→ **COLLECTED DATA**
***
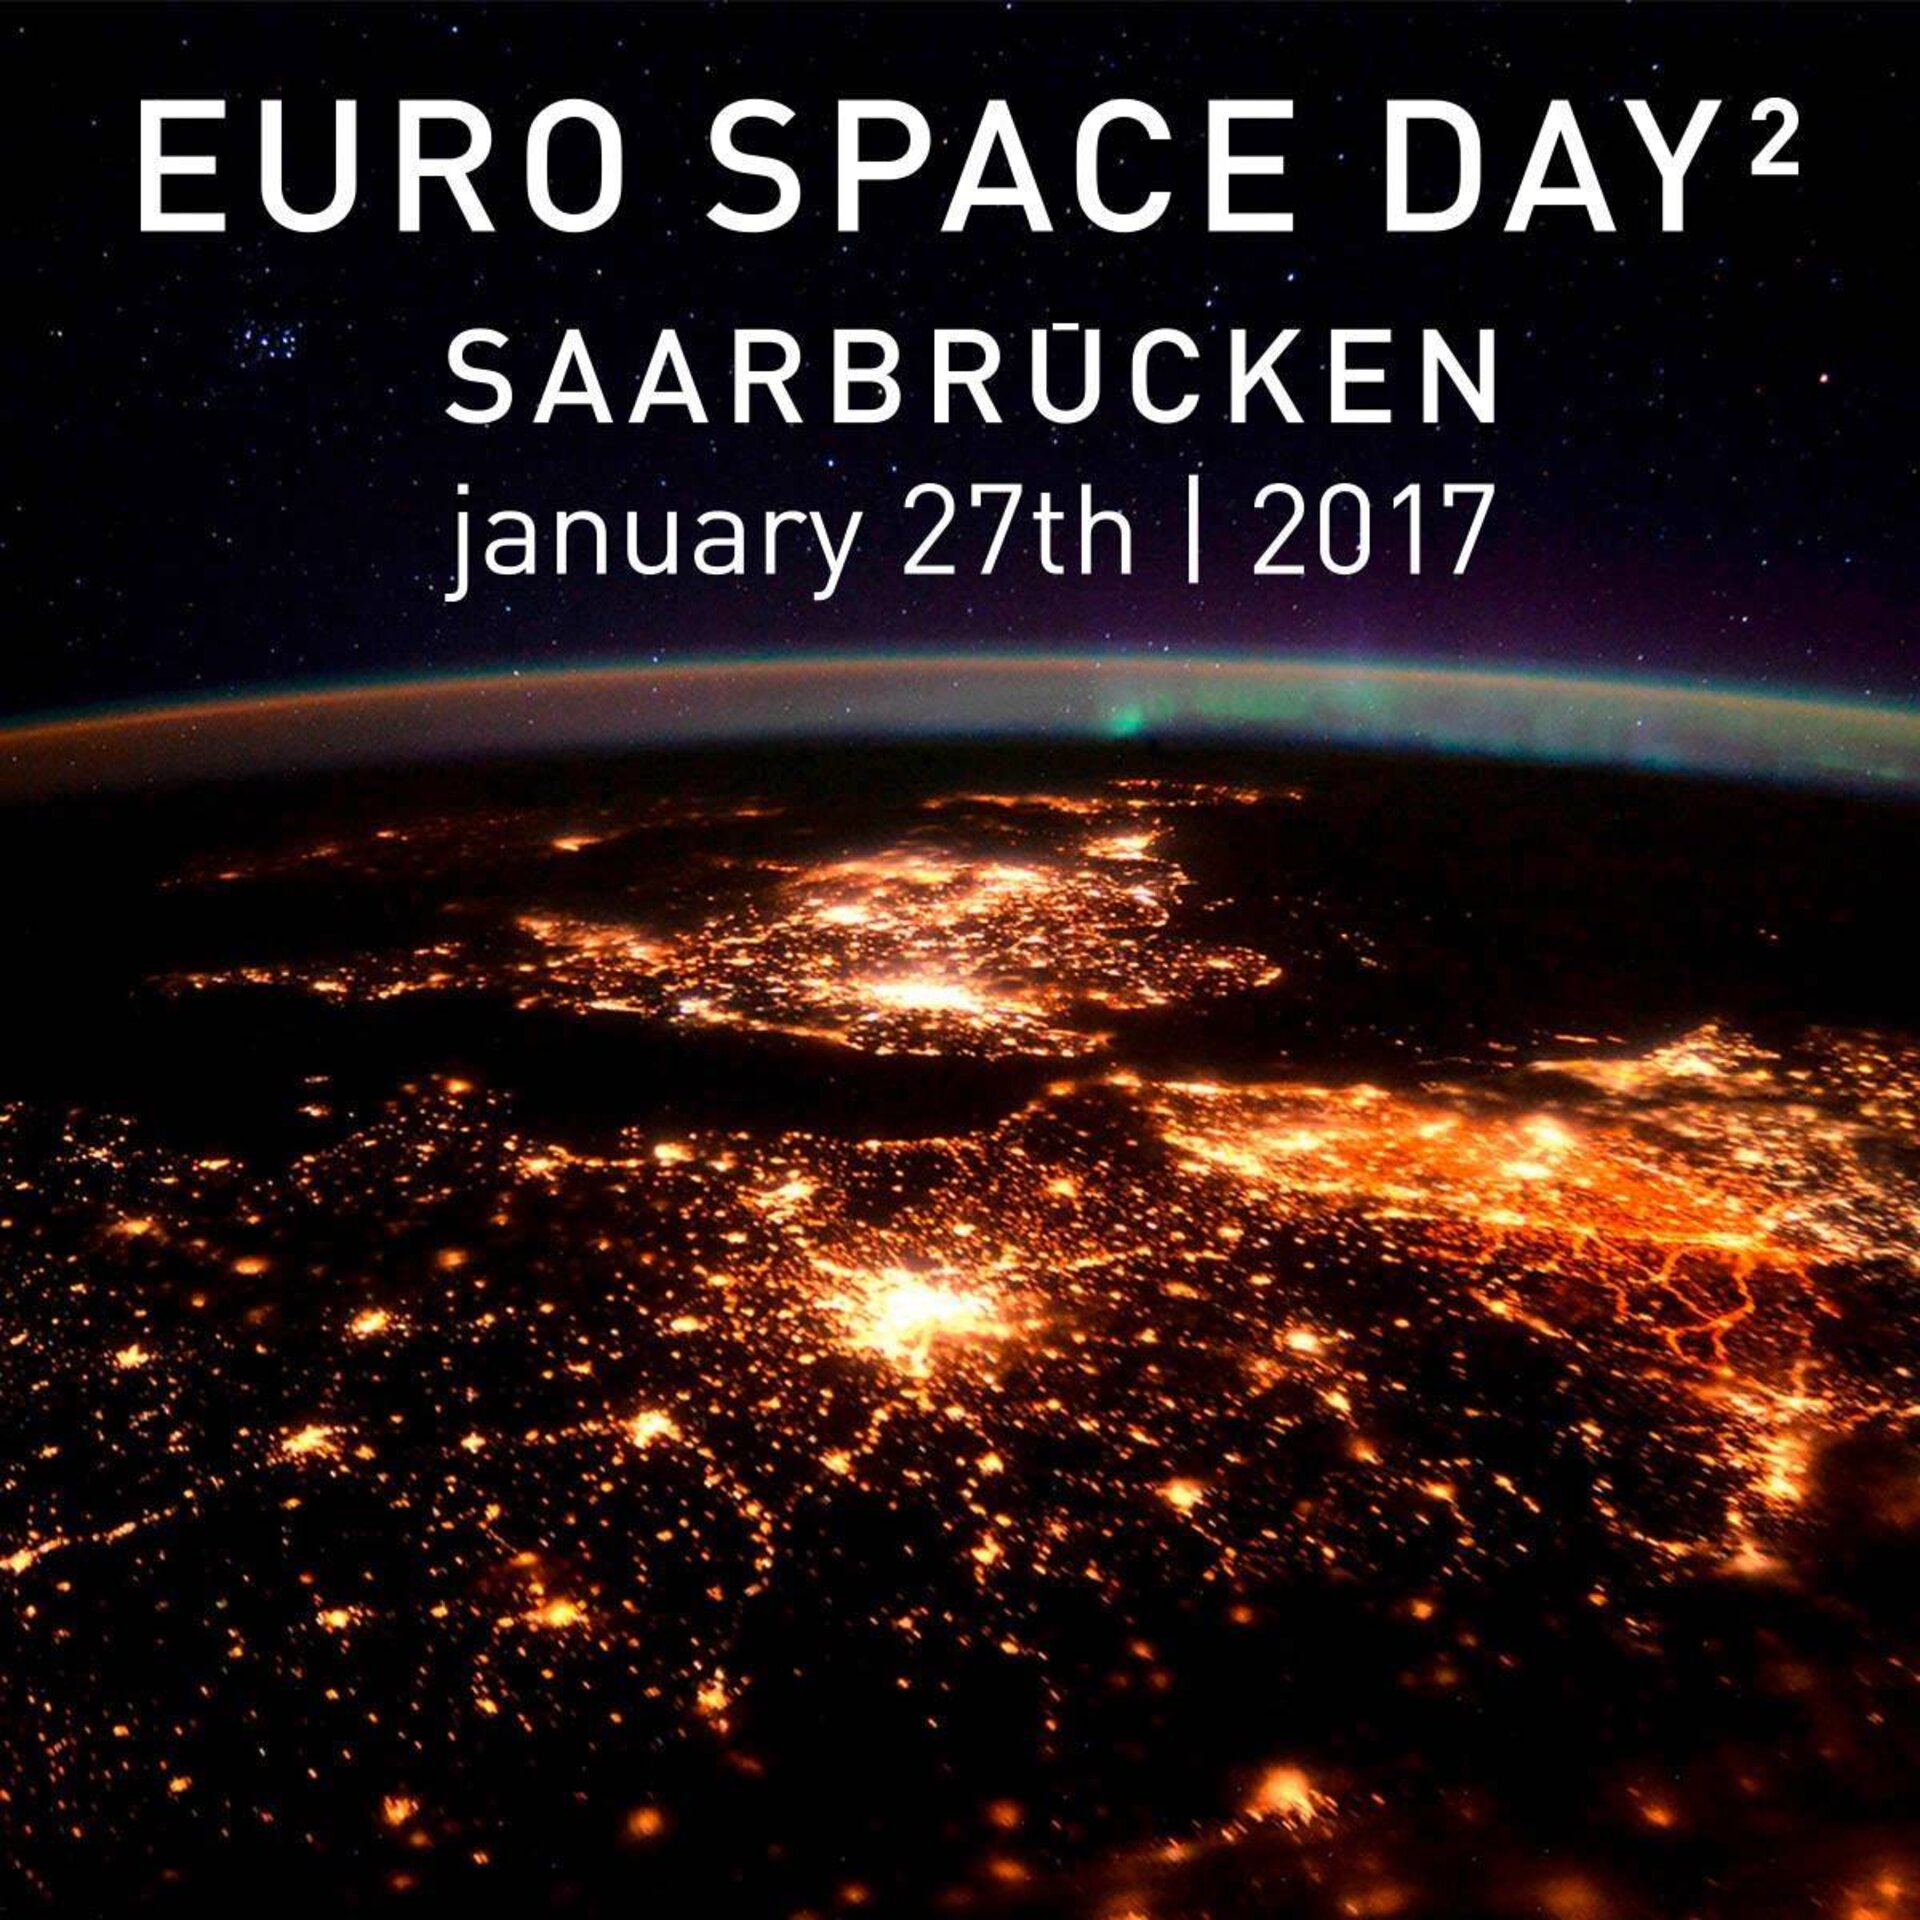 "De Sarrebruck à l’espace“ – En présence des astronautes Thomas Reiter et Jean-François Clervoy et d’autres experts de l’aérospatiale
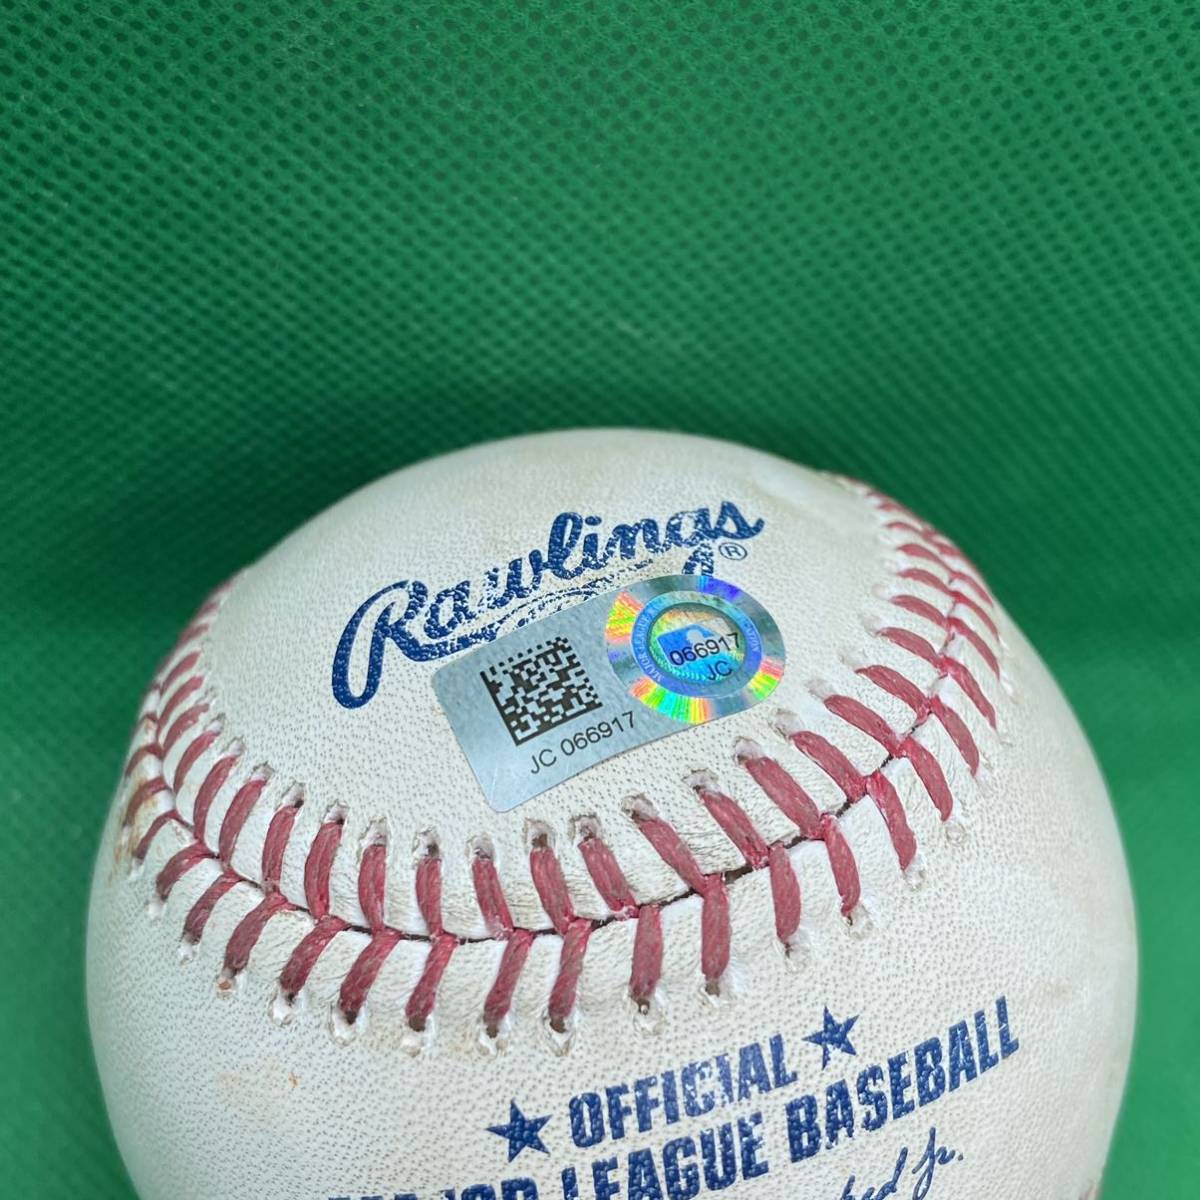 超レア アストロズ 青木宣親 2017年 実使用球 ボール MLB ホログラム
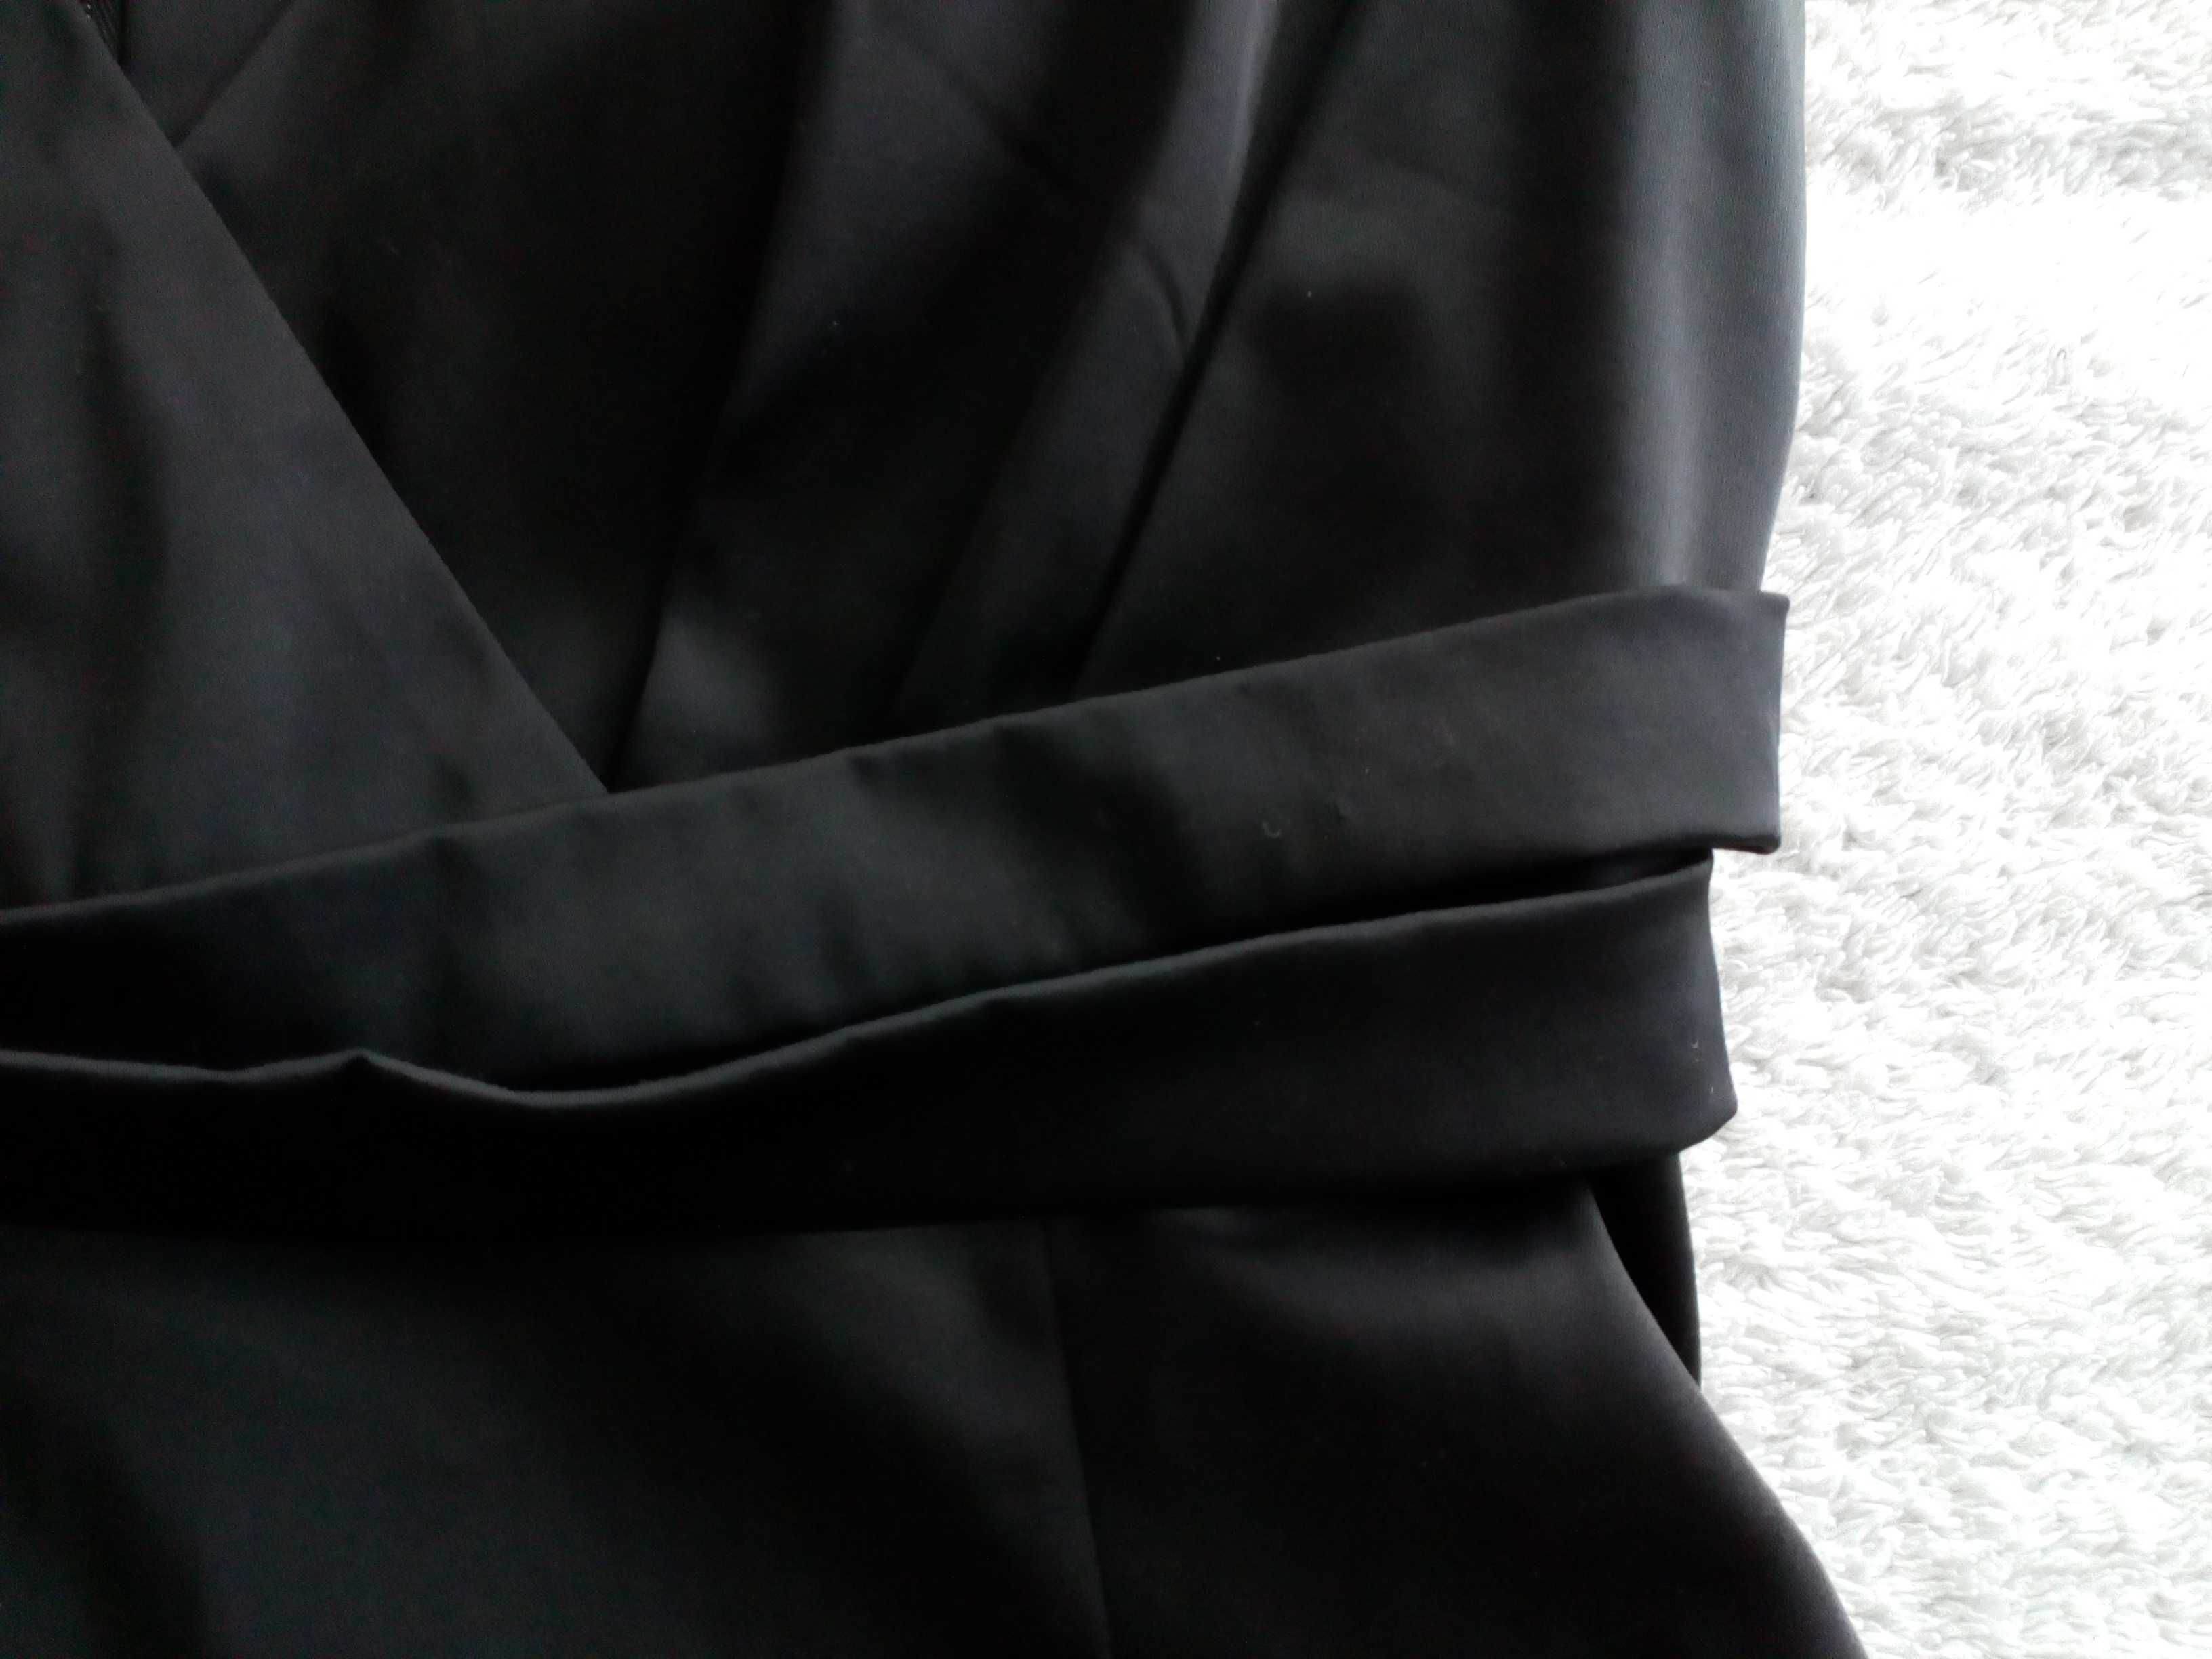 Czarna elegancka wizytowa biurowa sukienka Top secret 34 - 36 jak nowa
***
Transcribe the listing verbatim, pictures excluded.

→ **ANSWER TO THIS PROBLEM**
 "De Sarrebruck à l’espace“ – En présence des astronautes Thomas Reiter et Jean-François Clervoy et d’autres experts de l’aérospatiale
 超レア アストロズ 青木宣親 2017年 実使用球 ボール MLB ホログラム
 Czarna elegancka wizytowa biurowa sukienka Top secret 34 - 36 jak nowa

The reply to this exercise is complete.